Joel S. Berson Berson at ATT.NET
Thu Dec 27 16:33:18 UTC 2012


Condemned to join Larry on the level of semi-devil's advocates --

It was just Barry's "average" concrete mixer that a capacity of four
and a half cubic yards "just a few years ago" before 1964.  But "six
yards" implies a large quantity.  What about the *largest* concrete
mixers of 1912?

And if one believes that there were no concrete mixers before the
patent of 1916, were there haulers of other mass contents having a
capacity of 6 cubic yards in 1912?  Trucks for construction or
destruction projects carrying sand or dirt?  Or garbage
trucks?    Fred's first find is:

"But there is one thing sure, we dems would never have known that
there was such crookedness in the Republican party if Ted and Taft had
not got crossed at each other.  Just wait boys until the fix gets to a
fever heat and they will tell the whole six yards."

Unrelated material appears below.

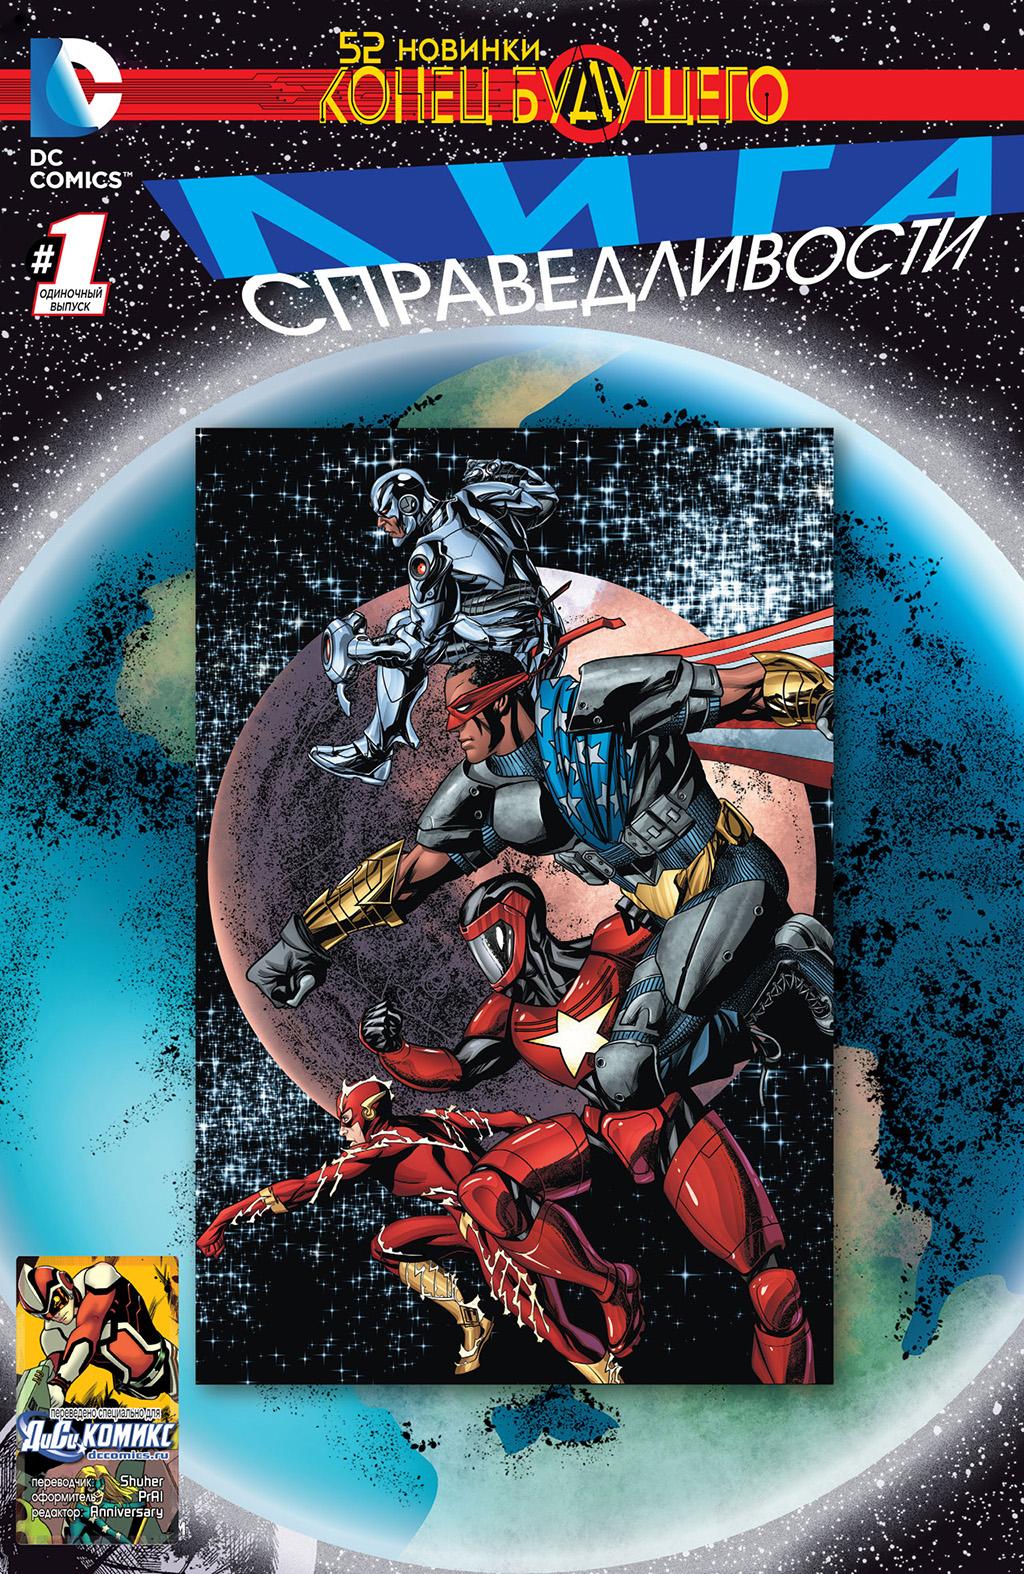 Комикс 52 Новинки: Конец Будущего: Одиночные Выпуски

Characterizing the "whole six yards" of what the complete story will
reveal as "a great quantity of filth (crookedness)"?

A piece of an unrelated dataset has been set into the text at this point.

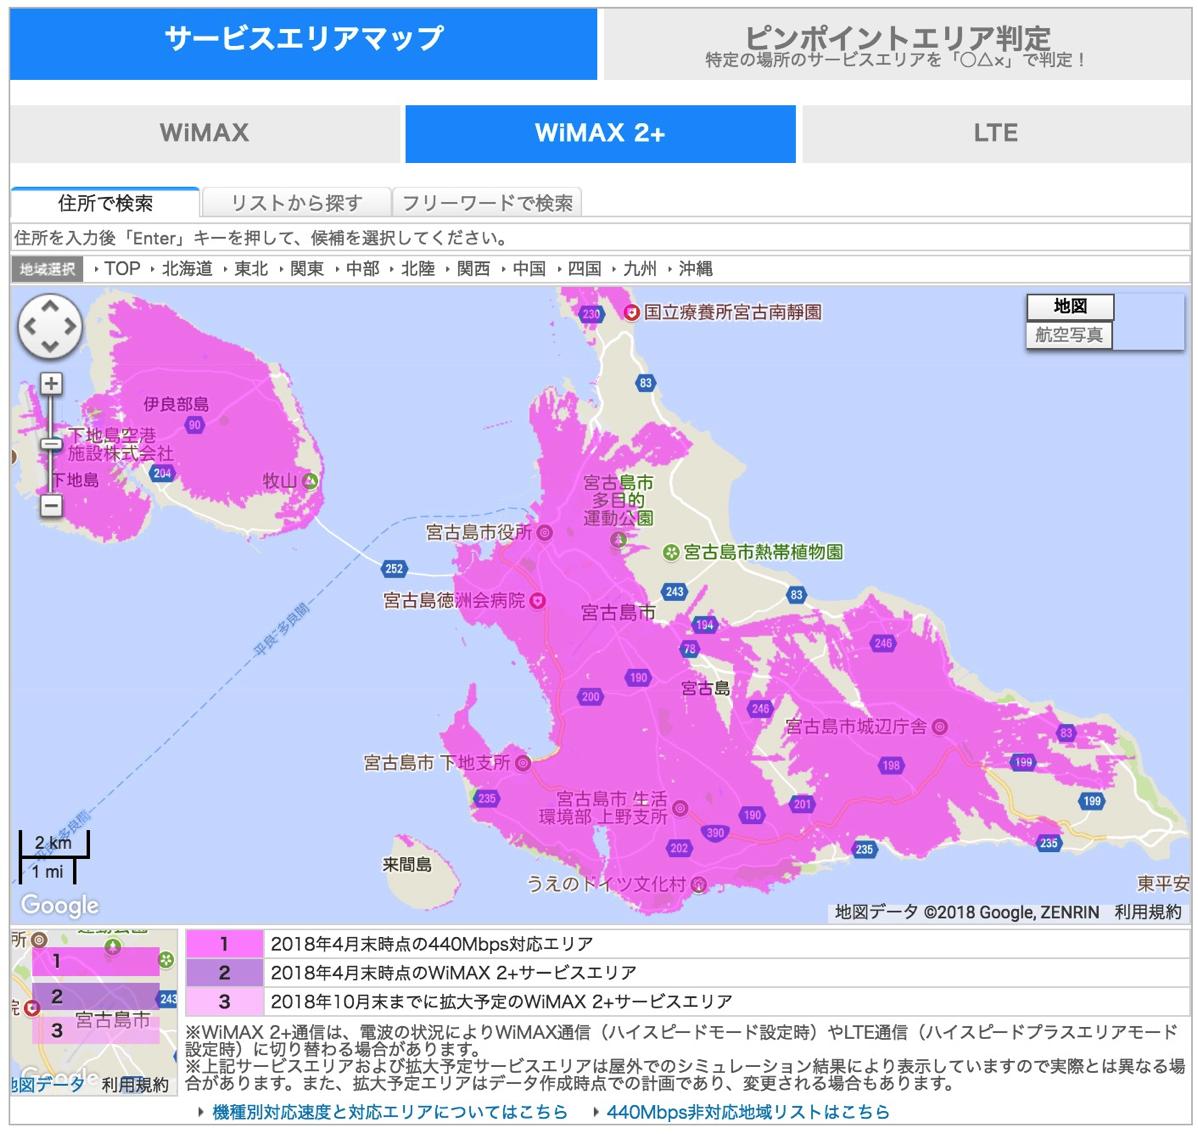 宮古島周辺のWiMAX 2+サービスエリアマップ

"The whole nine yards" surely is just even more garbage than the
whole six.  And I don't see the evidence that "six" is *necessarily*
"just a random number", as Jesse is quoted as saying.

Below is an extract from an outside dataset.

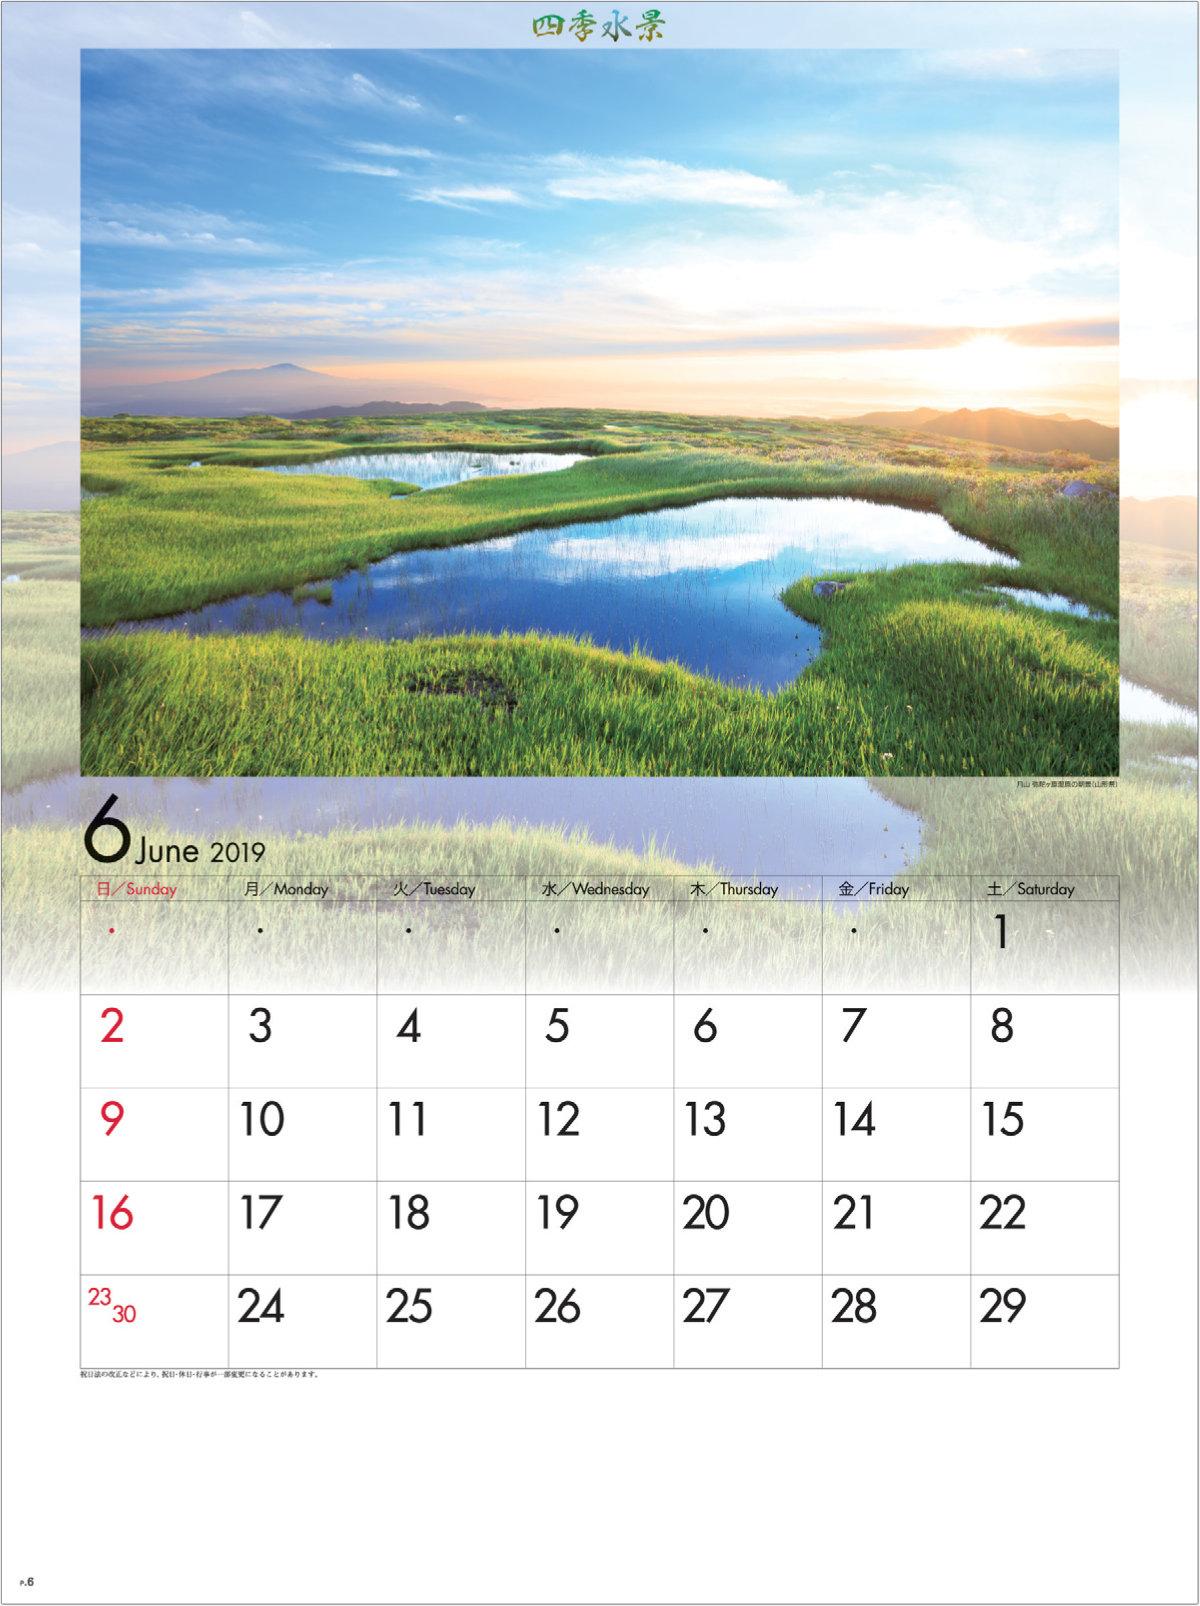 画像:山形県 月山阿弥陀ヶ原湿原 四季水景 2019年カレンダー

Joel Berson, amateur word freak and ferociously competitive antedater.

At 12/27/2012 09:40 AM, Laurence Horn wrote:
>On Dec 27, 2012, at 9:24 AM, Shapiro, Fred wrote:
>
> > Although as a teenager about 40 years ago I spent a summer
> inspecting concrete pouring on a construction site, I don't know
> anything about concrete trucks.  I also don't believe in spending
> energy disproving colorful unsubstantiated etymologies that, as I
> say in the New York Times article, are almost always
> fallacious.  I'll just note that an anti-concrete-truck-etymology
> argument may perhaps be based on the capacity of concrete trucks in
> 1912 not being 6 cubic yards.  I don't know for sure that that's
> correct, but barrypopik.com, quoting wordorigins.org, says the following:
> >
> > "Newspaper columnist and language commentator James Kirkpatrick
> favors the explanation that it is a reference to the capacity of
> ready-mix concrete trucks (Fine Print: Reflections on the Writing
> Art). Safire also plumps for this explanation. This explanation,
> however, is somewhat questionable as the August 1964 issue of Ready
> Mixed Concrete magazine gives an average concrete mixer as having a
> capacity of four and a half cubic yards "just a few years ago" and
> an average of under six and a half in 1962. A 1988 source (Cecil
> Adams in More of the Straight Dope), states current mixers range
> from seven to ten cubic yards, with a rough average of nine. While
> current averages may be on target, when the phrase arose, the
> average cement payload was less than four and a half cubic yards.
> So the cement truck explanation is probably incorrect."
> >
> > A seemingly stronger piece of evidence, if correct, is this
> statement from Wikipedia:
> >
> > "Stephen Stepanian filed a patent application for the first truck
> mixer in 1916."
> >
> >
>
>True, that would knock out the putative source, which may well be
>yet another etymythology.  But if I were to play devil's
>semi-advocate for the concrete contingent that the existence of
>concrete mixers (with the appropriate capacity) might have served as
>part of the trajectory for the expression, in the same way that (as
>Read pointed out) the Van Buren "O[ld] K[inderhook]" campaign was
>part of the trajectory for the success of "O.K.", which had begun a
>few years earlier as a jocular newspaper abbreviation for "Oll Korrect".
>
>LH
> > ________________________________________
> > From: American Dialect Society [ADS-L at LISTSERV.UGA.EDU] on behalf
> of Dan Goncharoff [thegonch at GMAIL.COM]
> > Sent: Wednesday, December 26, 2012 7:56 PM
> > To: ADS-L at LISTSERV.UGA.EDU
> > Subject: Re: Front-Page New York Times Story on "The Whole Nine Yards"
> >
> > Great article. I have to say, though, that I remain confused. As both 6
> > cubic yards and nine cubic yards are standard sizes for hauling, how does
> > the shift from 6 to 9 refute the cubic yard theory?